First I would like to define the output file:
Code:
echo Please enter family number
read FALS
OUT=”$FALS_affected_variants.txt” (is this correct?)
echo “The output file is $OUT”
echo Please enter number of affected samples in family
read ?
I want use this number that is inputted for the number of .txt files I want to compare because this will vary every time, so for example if I entered 4, then:
Code:
echo Please enter affected sample 1
read AFF1
echo Please enter affected sample 2
read AFF2
echo Please enter affected sample 3
read AFF3
echo Please enter affected sample 4
read AFF4
Now, I want to compare the .txt files from these samples. So I want to directly compare $AFF1.txt $AFF2.txt $AFF3.txt $AFF4.txt
If the same data in column 15 (not a ".", but if there is something written i.e. NM_123456) is in two or more .txt files (anywhere in the entire file), I want this entire line outputted to a new .txt file
OUT=”$FALS_affected_variants.txt” with a new column added on (so a 19th column in the file) with how many (integer) .txt files this data is present in, and a heading of that column with “subjects”

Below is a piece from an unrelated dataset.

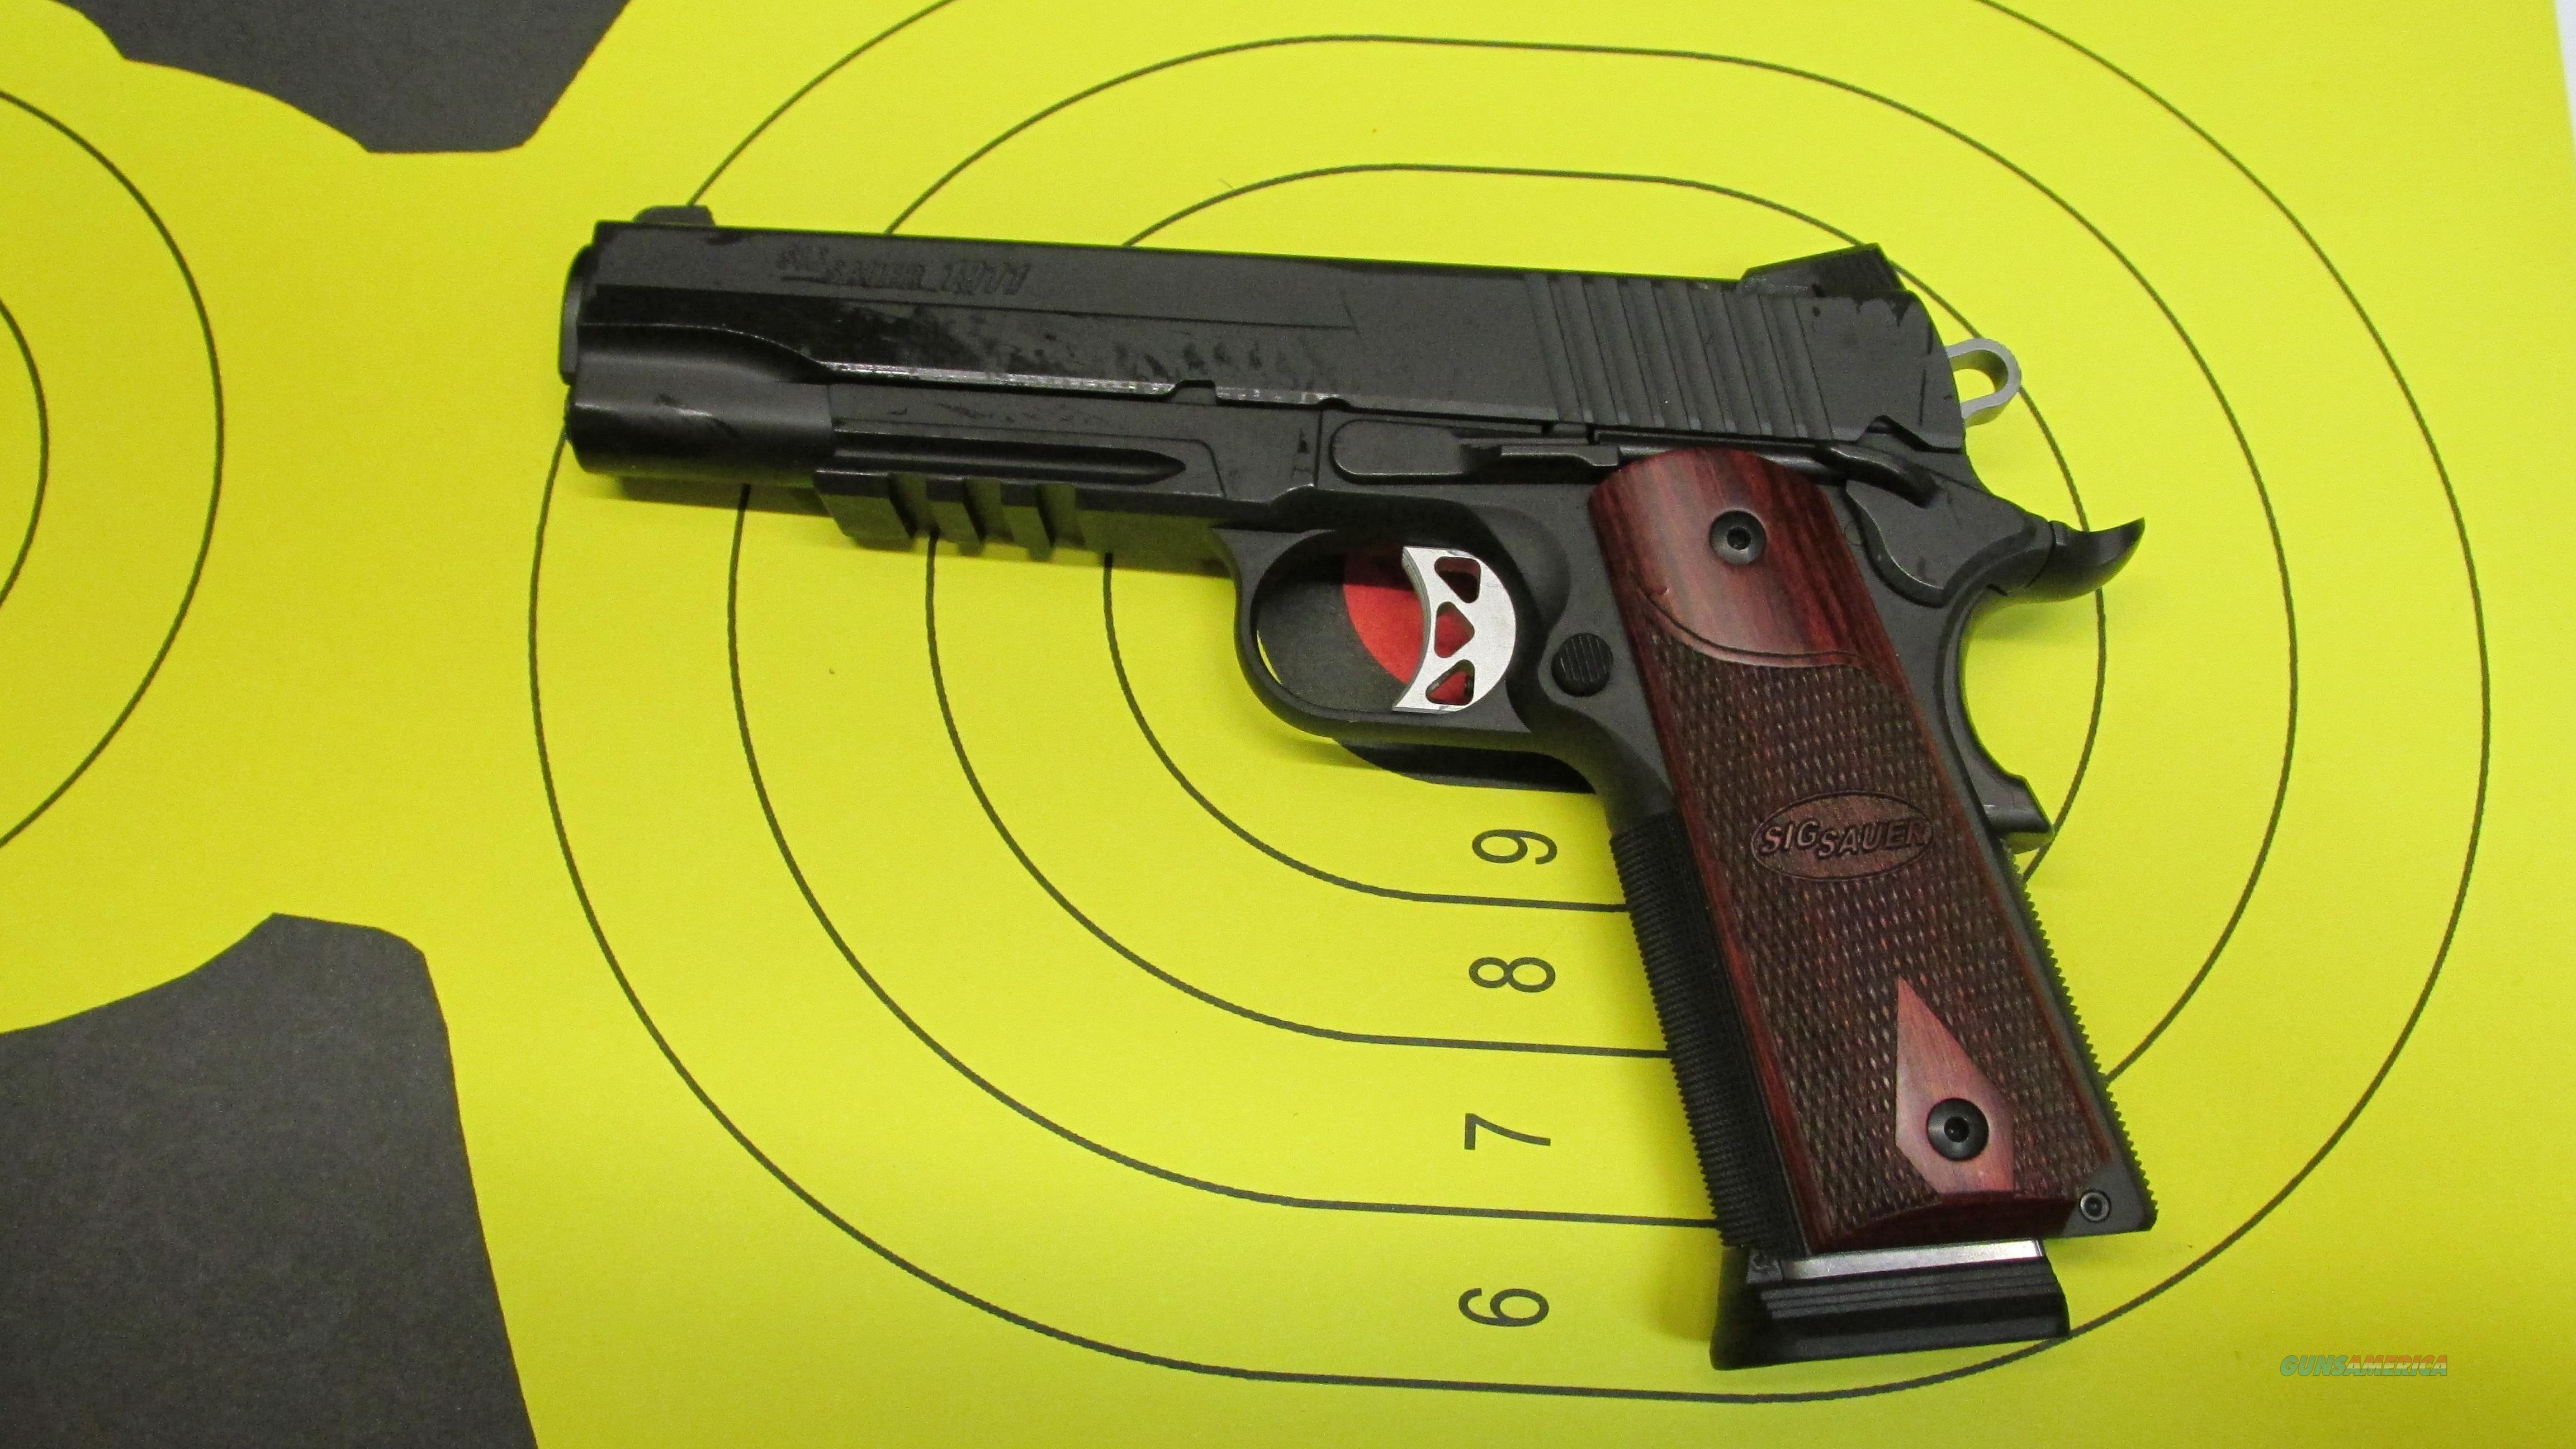 "SIG SAUER 1911R .45ACP 5"" BARREL 8 ROUND MAGAZINE (2)  Guns > Pistols > Sig - Sauer/Sigarms Pistols > 1911"

Next, I would like to compare this $FALS_affected_variants.txt file to another list of .txt files (control files). All of these control files will be be in their own directory e.g. /home/user/NGS/controls and there will probably be ~10 .txt files
I want to compare the data in column 15 (not the ".", but if there is something written i.e. PRAMEF2:NM_023014:exon4:c.G1177A.A393T) in each line (one line at a time) in the $FALS_affected_variants.txt file to the “control” .txt files. If the data in column 15 from $FALS_affected_variants.txt is present in ANY of the “control” .txt files, I want to add an extra column to $FALS_affected_variants.txt (a 20th column with heading in_controls) with the word “yes”, or if it is NOT present in any of the “control” .txt files, the word “no” added to column 20. Or, if it is easier, generate a new output file $FALS_affected_variants_with_control_data.txt with the same 19 columns from the original $FALS_affected_variants.txt with a new 20th column "in_controls" with "yes" or "no"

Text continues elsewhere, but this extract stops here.